Byline: Omar Abbas Ahmed Malik


Background and Objective: Acute gastroenteritis is generally considered a self-limiting illness that does not require the use of antibiotics. However, many emergency departments in the country frequently prescribe antibiotics to patients presenting with diarrhoea. This review attempts to determine whether this practice is reasonable.
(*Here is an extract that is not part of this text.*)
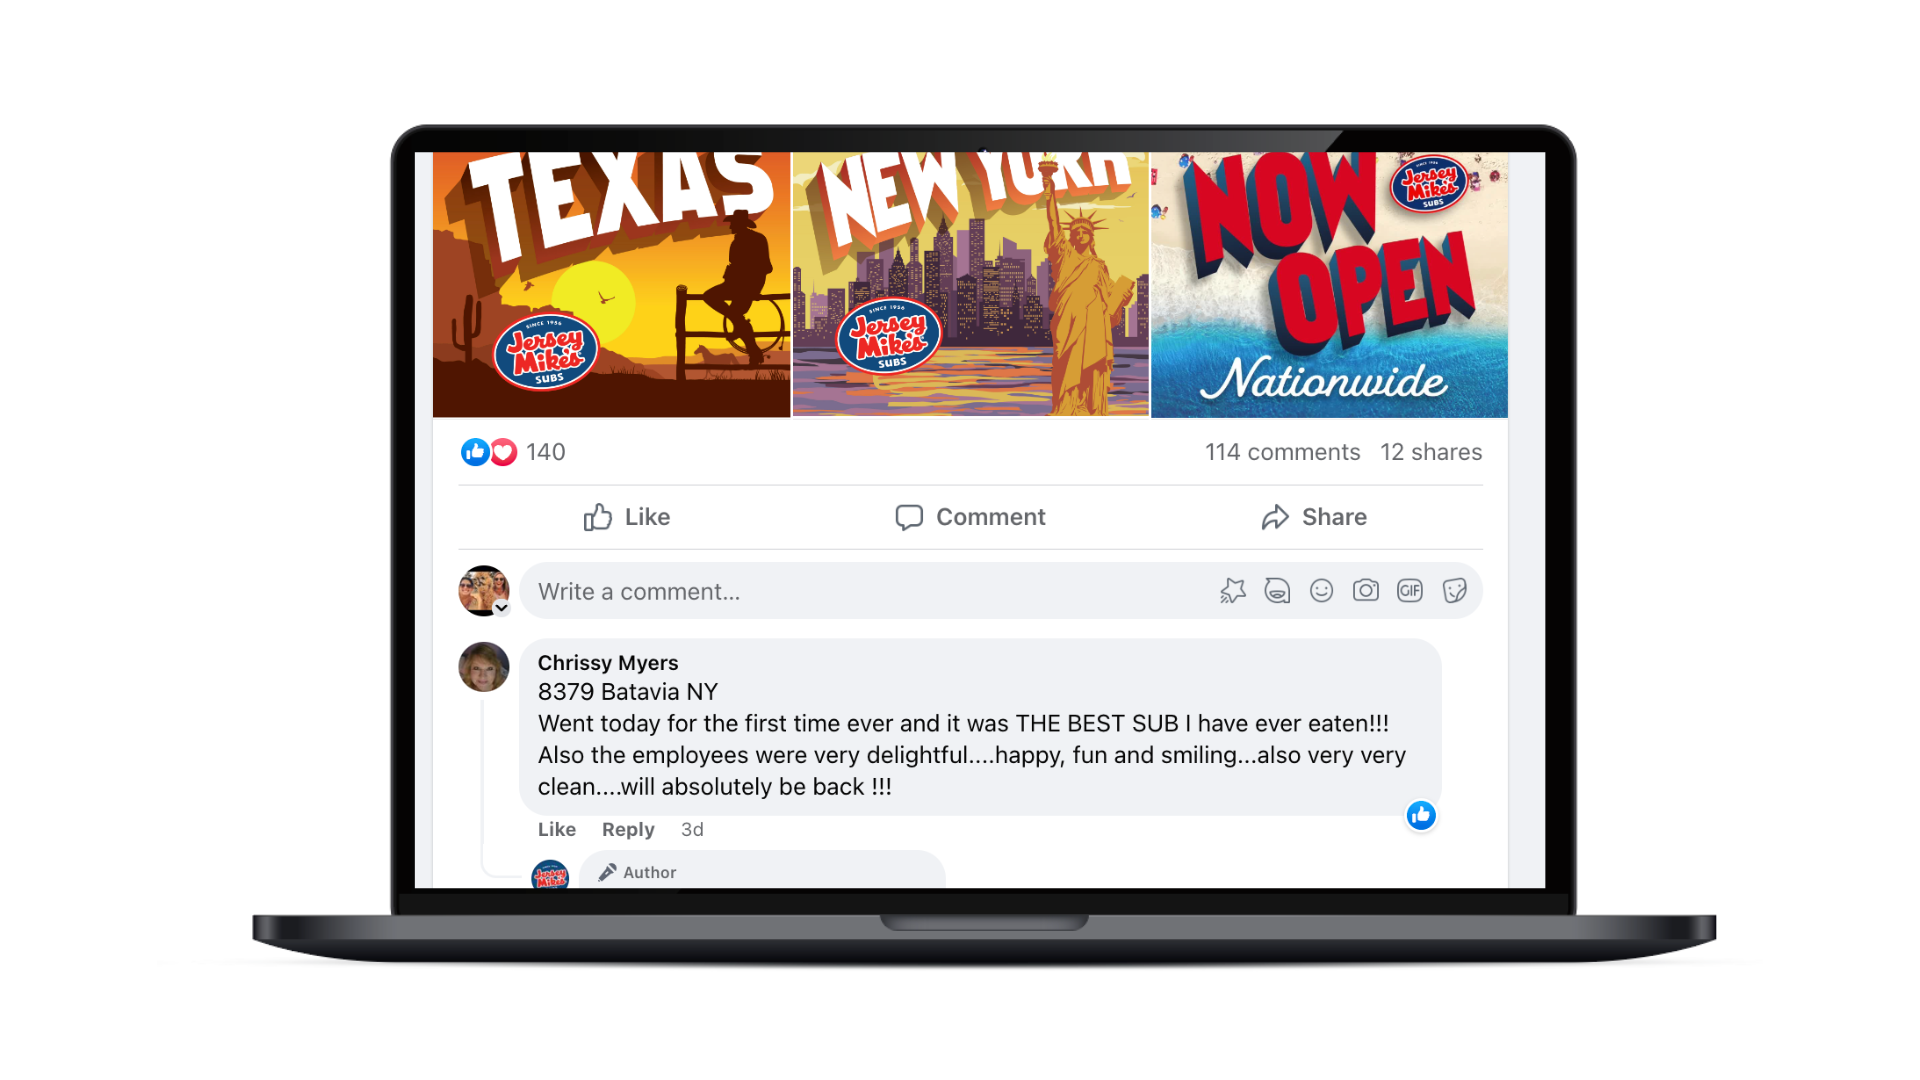 An example of positive feedback Jersey Mike's Subs received on a social media post

Our objective was to determine the role of antimicrobials in the empiric management of acute gastroenteritis.

Methods: The online data base "PubMed", as well as the World Wide Web, were searched for relevant articles (RCTs, Reviews, Prospective studies, etc.) with key words such as "gastroenteritis AND antibiotics", "Management AND gastroenteritis", "Treatment AND diarrhoea" etc. and covered the years 1960-2016. Fifty articles were studied, of which 43 were chosen on the basis of relevance for qualitative assessment.

Results: The articles reviewed for this paper suggest that antimicrobial therapy is not appropriate for the majority of cases of (uncomplicated) gastroenteritis, as risks (antibiotic-associated diarrhoea, hypersensitivity reactions, etc.) outweigh benefits. However, there are instances where antibiotics are clearly indicated. Further, it is noted that there have not been any recent trials to clarify the role of antimicrobials in adult diarrhoeal illness.
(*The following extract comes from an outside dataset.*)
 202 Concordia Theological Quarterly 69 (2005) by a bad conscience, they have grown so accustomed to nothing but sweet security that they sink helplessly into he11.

Conclusions: The focus in management of patients presenting with diarrhoea in the Emergency Department should be on rehydration and that only certain patients, such as those with fever or dysentery, or those with an impaired immune response should receive empiric antimicrobial therapy. More studies are needed to determine in what instances antimicrobials are of greatest benefit, so that adverse effects of rampant antibiotic prescription can be curtailed.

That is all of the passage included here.